The Chamois is very cool and very cute. We saw a herd of approx 15 of these in the gorge on the step and probably very rarely used path, as well as one other later on by himself.

That night we ate Spaghetti Bouglanaise at this very nice restaurant that was chill, not a hustle, and run by some very nice lady and her husband. With this I had a very nice vanilla tea and then cub of some red wine from the valley here. All this wine is great. They also had many kinds of artisanal ice cream, and we ate that too, it rocked.

Next day we drove approx 200 km to Zürich, which is a very scenic drive. We stopped off on the way for more slow weeded service (but good food!) and the exploration of a medieval castle. There was anarchist graffiti here, changing the sign in the the femenin apparel shop to feminist apparel. Also there was anti-nazi graffiti.

Zurich is pretty interesting.... people all once again look like people in Georgetown, though there were a few more semi weird people. Also lots of very attractive young people out drinking, as well as adult movie theaters and sex shops. I'm almost dreading another two weeks of this, I need to be here alone, or with a travel companion my age.

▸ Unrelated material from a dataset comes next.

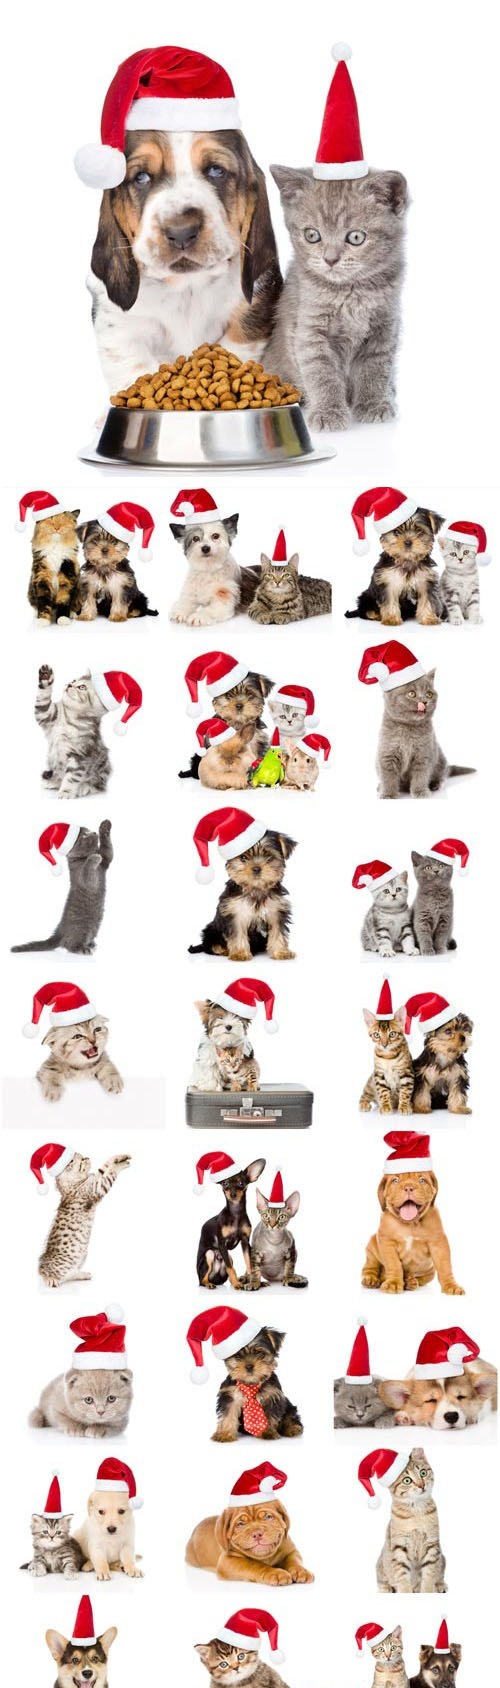 New Year and Christmas stock photos - 52

NEVER GO TO EUROPE IN YOUR TWENTIES WITH YOUR PARENTS.

Zürich also had 'fight capitalism' graffiti. That was neat. And it had an airport with a hotel, that has the internet.

Anyways, that's that, so far. Tomorrow I go to Gothenburg, Sweden. I'm ready for the Absolute and the Akvavit. Also, I need to shave and maybe get a haircut.

STUFF I MISSED:

-The papers here talk about Sarkozy trying to privatize the GDF. Apparently many people don't like the idea.

-The radio here plays mostly in English pop, American jazz, and in English pop from America. Needless to say it sucks, just like ours... except for the jazz. Sometimes they sing in French or German over country music, which is pretty cool, but for the most part I will conclude with two things

1) Visit SE France and Switzerland to climb the mountains, but visit London, Paris, Berlin, and Madrid to visit EUROPE: the society, politics, and music

2) Travel alone or travel with people you really like, can relate to, and have long conversations with.

Cheers

1 comment:

  1. cool post! enjoyed reading about your impressions :-)came to your site while googeling dublin pics. will check if you wrote sth about sweden.